Воскресение Маяковского - Страница 42
И, конечно, все это переплетается, так что не найти ни концов ни начал, с неудачами в литературной работе. За год после возвращения из Парижа он написал с десяток проходных стихов и одну неудачную пьесу. Пьеса неудачная, ему это ясно, в разговоре с немногими оставшимися доброжелателями он это с горечью признает. В ней есть два-три живых персонажа, несколько ярких и даже блестящих острот, но все это тонет в общей ходульности текста, в стерильной пустоте положительных образов и главное — в отсутствии драматургии. Месяцы вынужденной, тяжкой работы, когда он сам сажал себя под арест, задавал себе уроки на каждый день или просил об этом Полонскую, — вся эта каторга была напрасной. И сейчас же самофиксация, ранг: не вышел из него ни Мольер, ни хотя бы Эрдман, которому он мучительно (и справедливо) завидует.

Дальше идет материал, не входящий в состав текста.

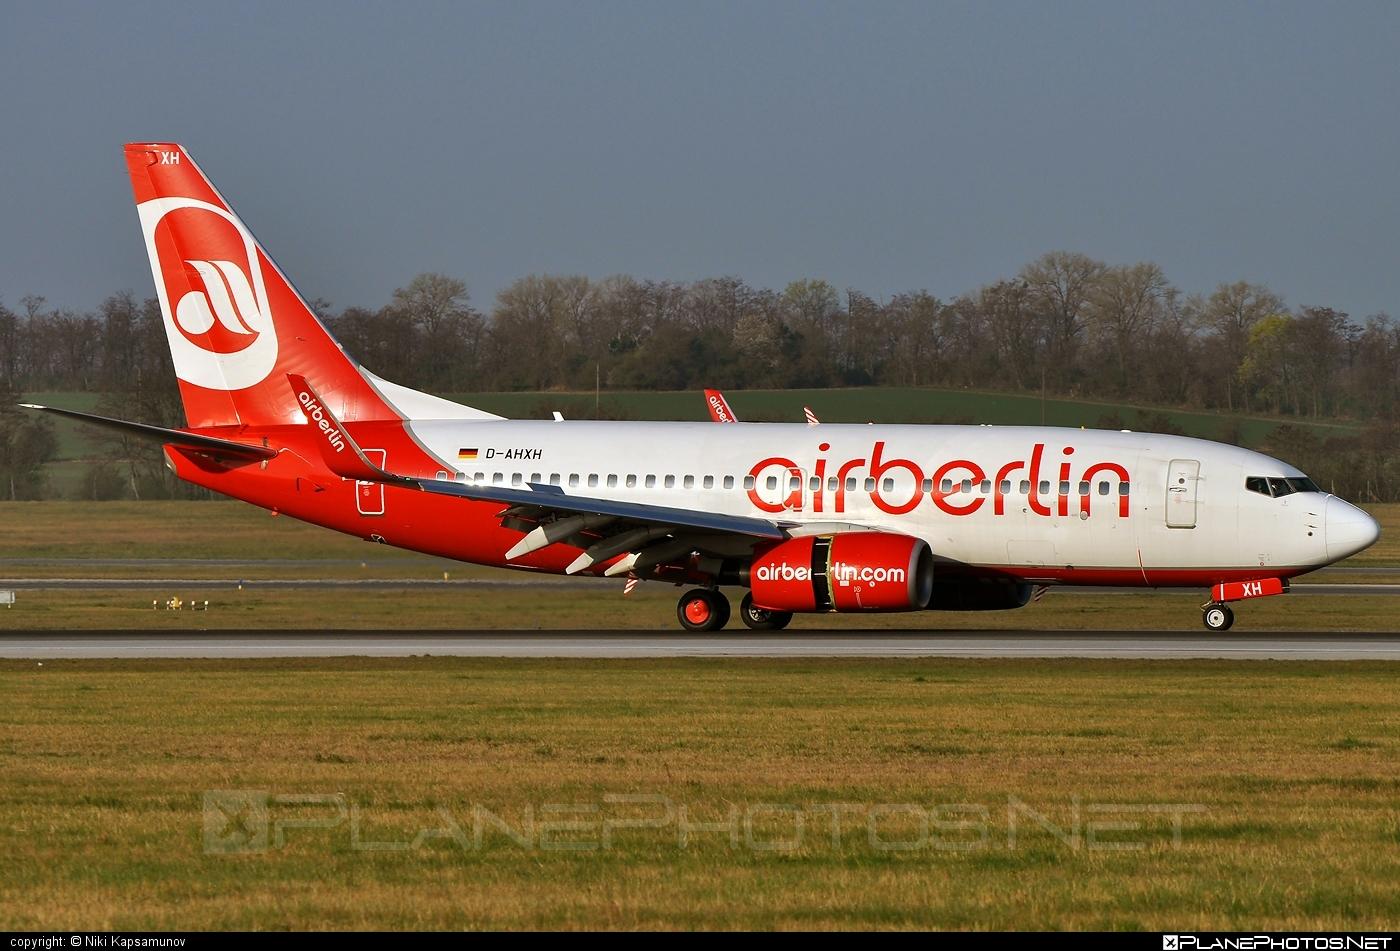 Boeing 737-700 - D-AHXH operated by Air Berlin #airberlin #b737 #b737nextgen #b737ng #boeing #boeing737

Никогда еще отсутствие в нем духовной основы не проявляло себя так вещественно и страшно, как в этот последний год. Возможности комбинаторики давно исчерпаны, механический-геометрический Эвклидов мир приходит в упадок, выскребывается до дна, иссякает необратимо.
«Исписался!»
Он остро реагирует на каждый выпад, на каждый слушок. Он ругается, объясняет, оправдывается. И единственная его несомненная удача — «Во весь голос» — несмотря на вернувшуюся было энергию и прежнее виртуозное мастерство, звучит как заявление в высшие органы, как развернутое самооправдание.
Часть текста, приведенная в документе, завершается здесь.